**DATA:**
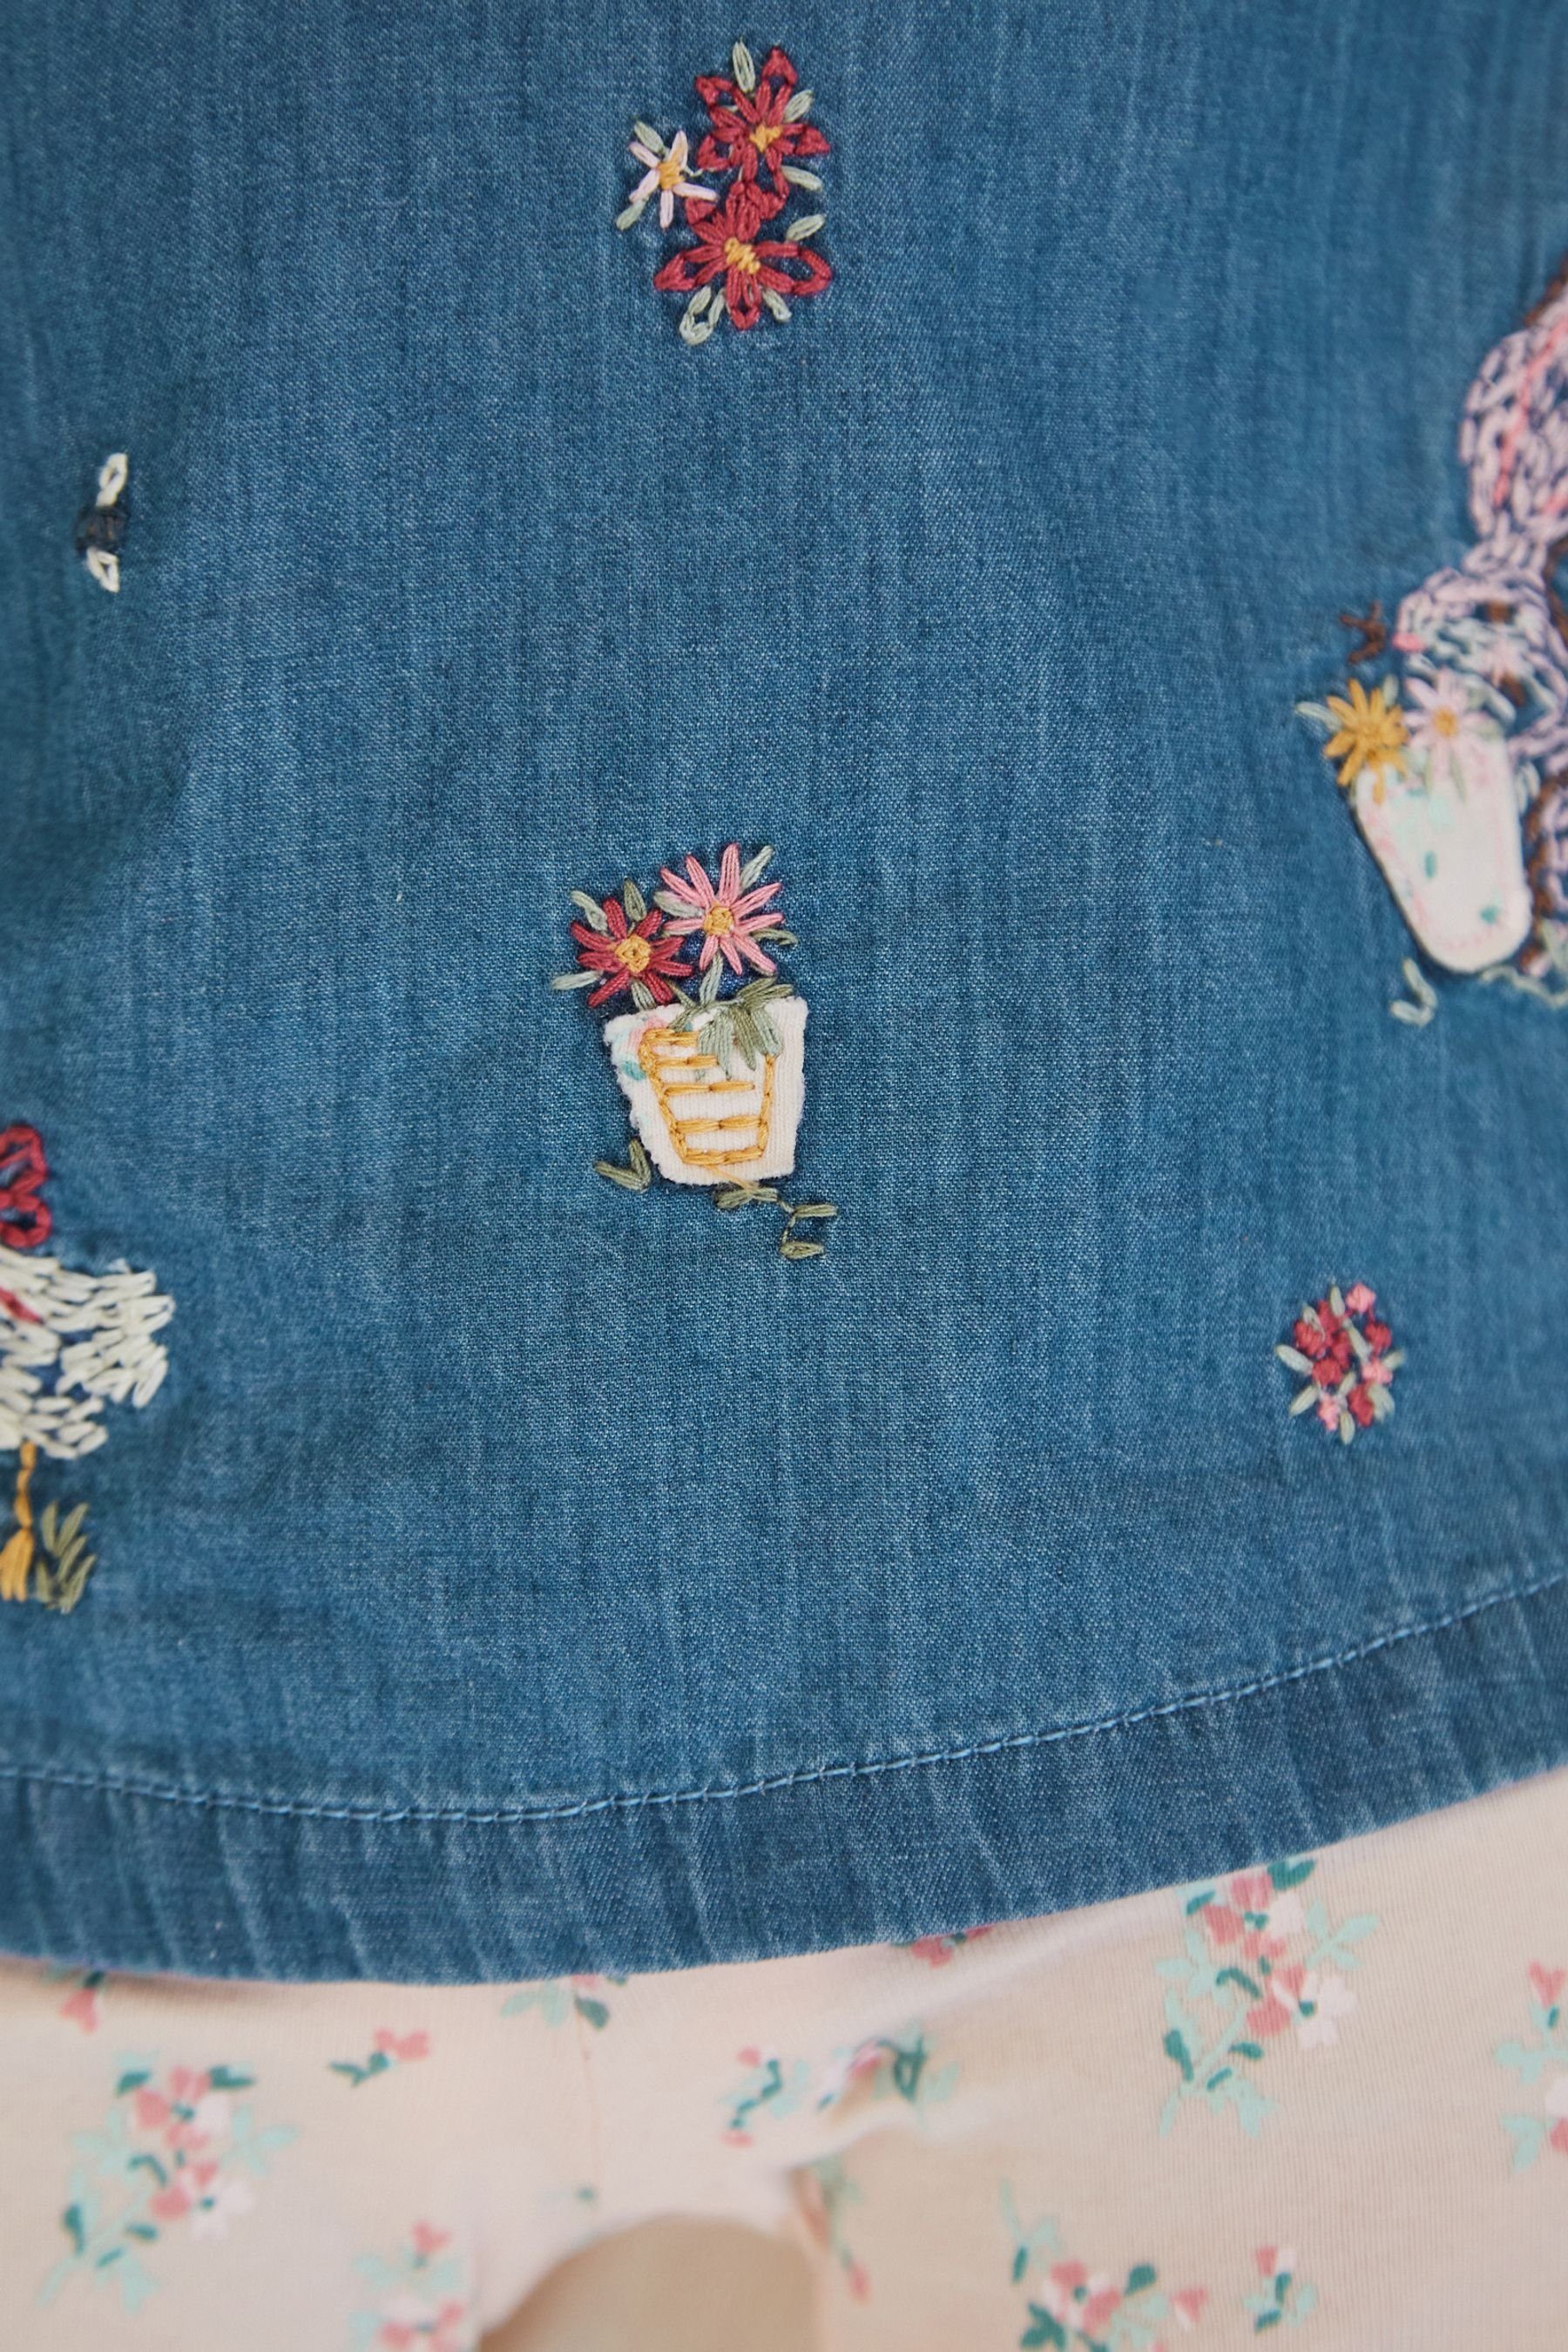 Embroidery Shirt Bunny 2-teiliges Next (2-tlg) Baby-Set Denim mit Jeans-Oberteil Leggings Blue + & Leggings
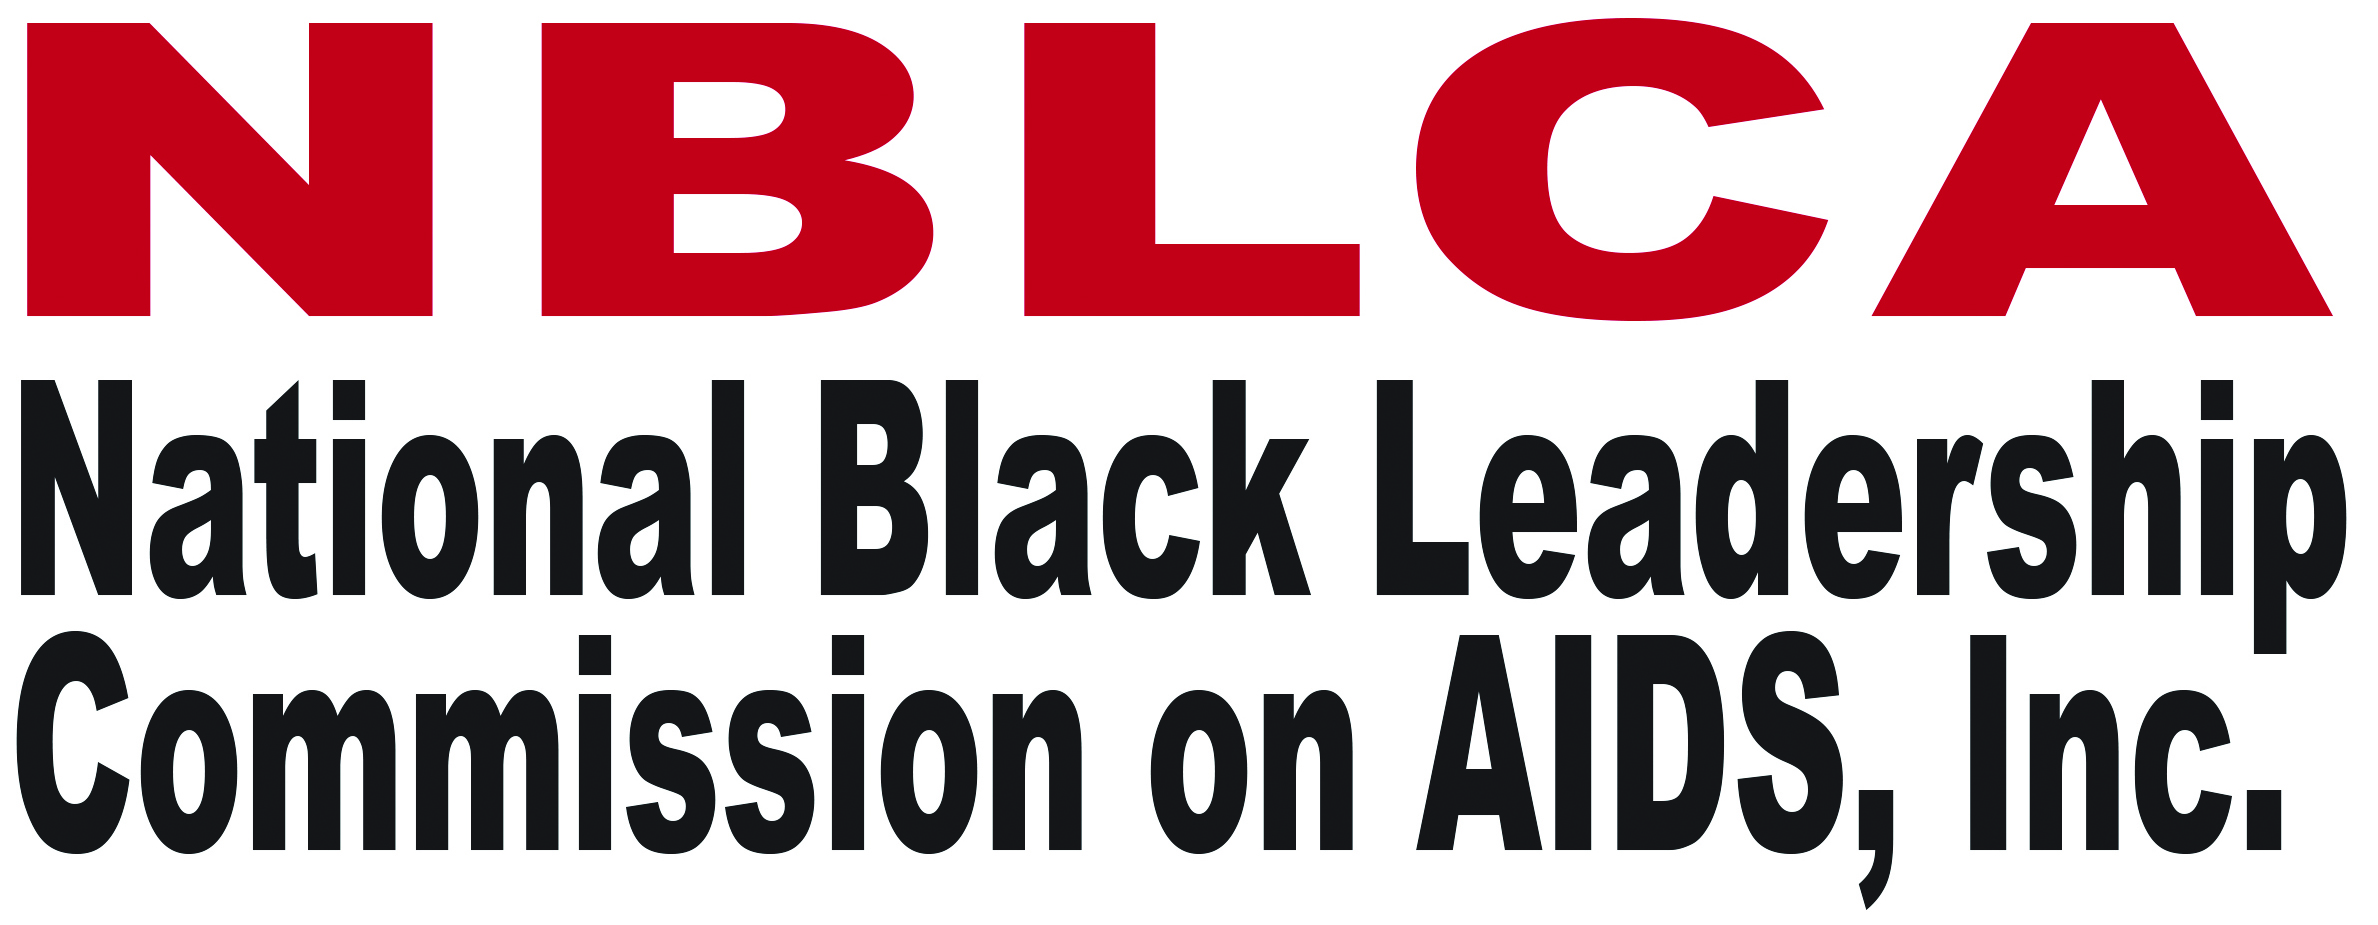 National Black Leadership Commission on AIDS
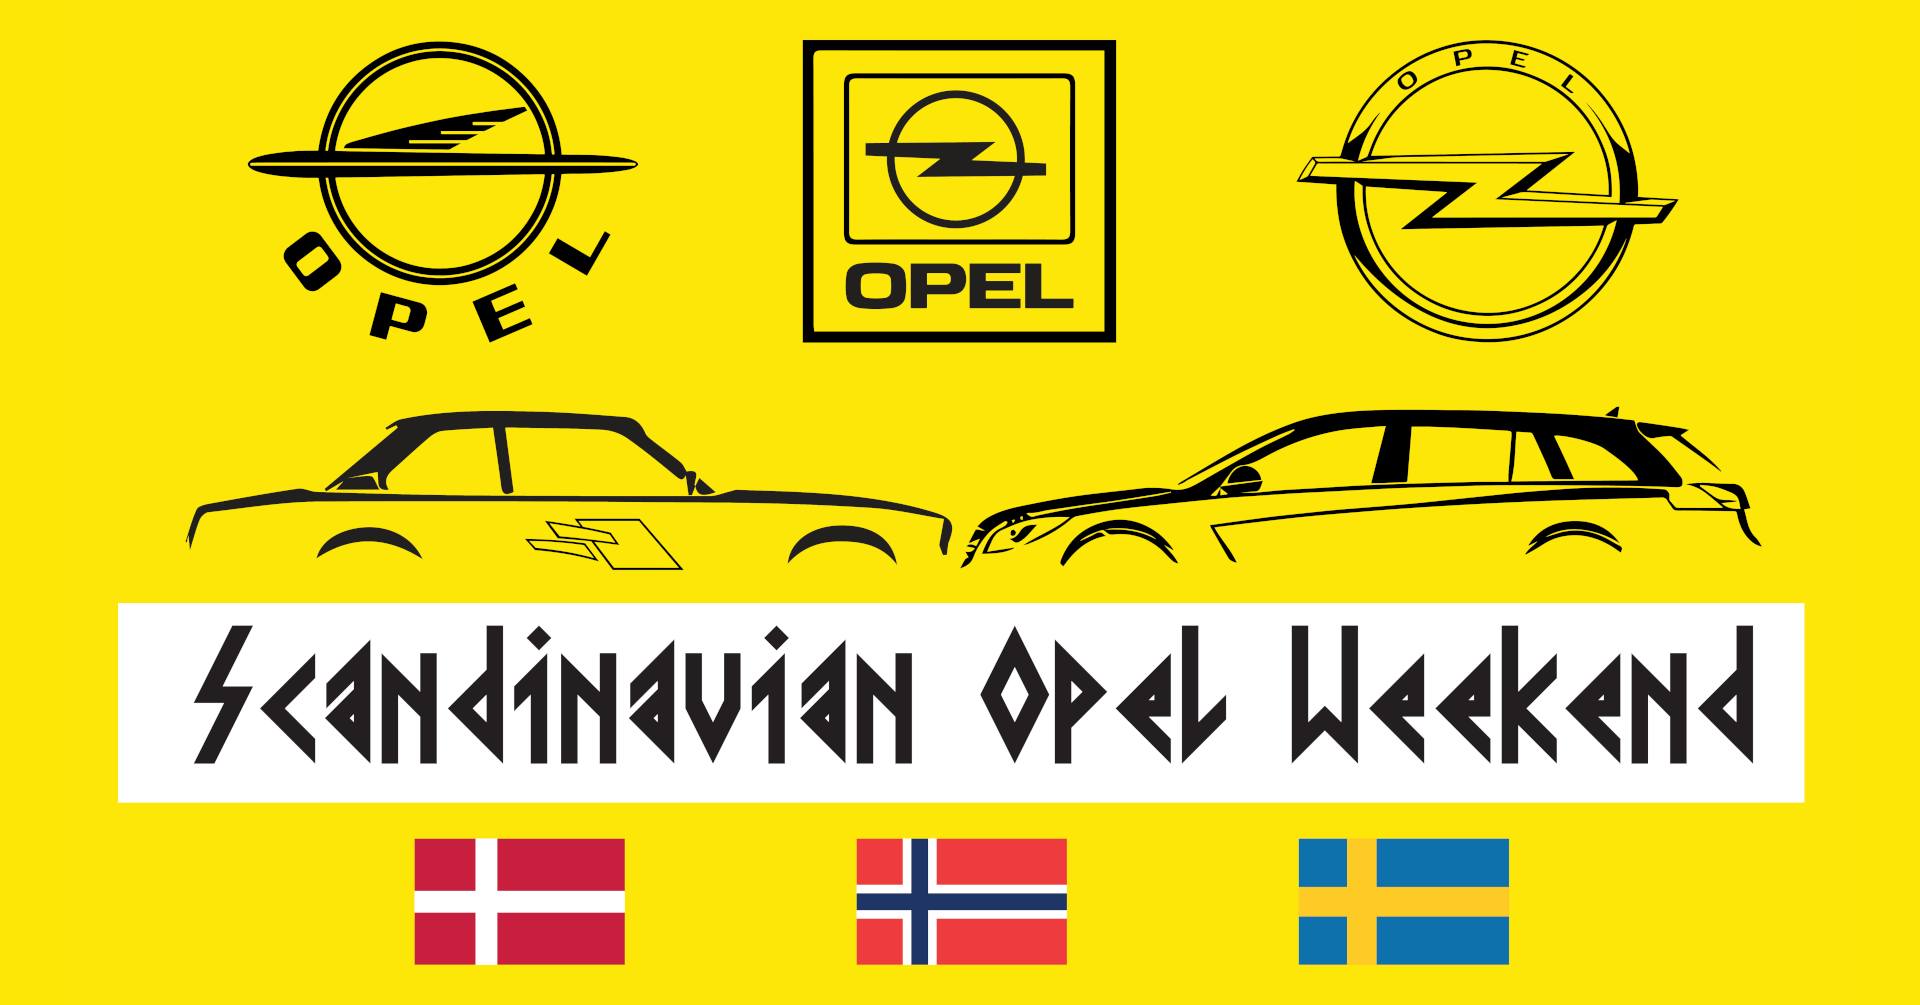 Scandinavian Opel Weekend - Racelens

**WHAT YOU WILL DO:** The answer is to be the lines from the line that contains "National Black Leadership Commission on AIDS" through the last line of the material, retyped exactly, both included, with pictures left out, please.

**REPLY TO THE TASK:**
 National Black Leadership Commission on AIDS
 Scandinavian Opel Weekend - Racelens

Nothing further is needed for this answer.